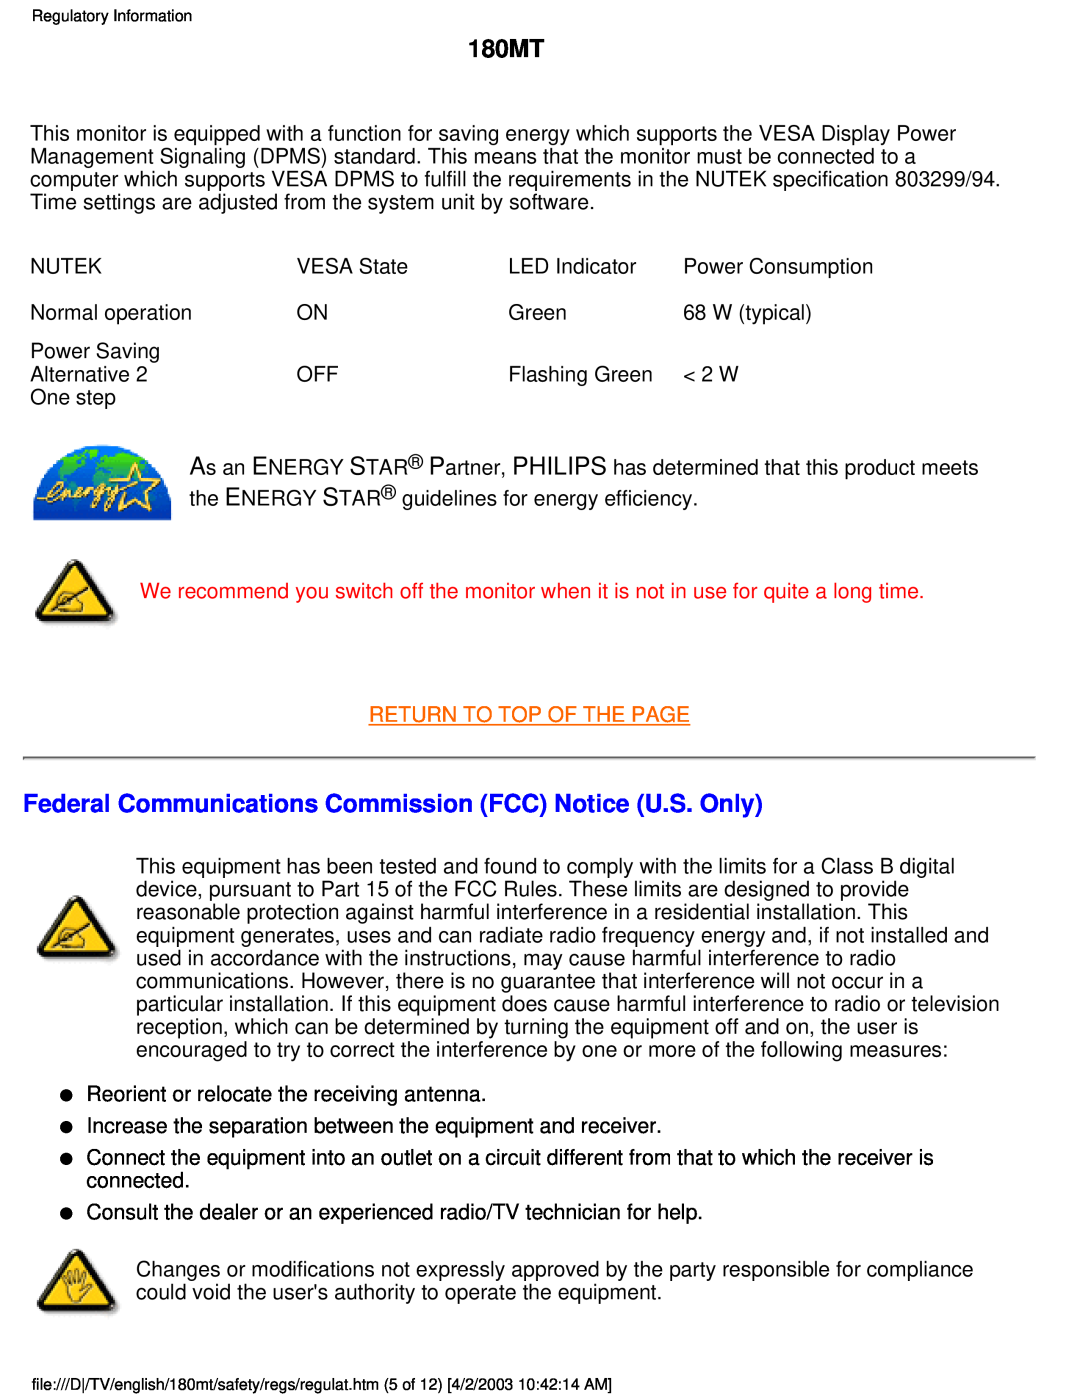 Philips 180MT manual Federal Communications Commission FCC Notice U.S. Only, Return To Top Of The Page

────────────────────

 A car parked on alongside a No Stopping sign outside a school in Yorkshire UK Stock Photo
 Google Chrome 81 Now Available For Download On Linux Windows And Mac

────────────────────

- _Directions for this task_:
From the records above, retype only the lines starting at the line that contains "A car parked" and ending at the line that contains "Google Chrome 81", both included.

- _Answer_:
 A car parked on alongside a No Stopping sign outside a school in Yorkshire UK Stock Photo
 Google Chrome 81 Now Available For Download On Linux Windows And Mac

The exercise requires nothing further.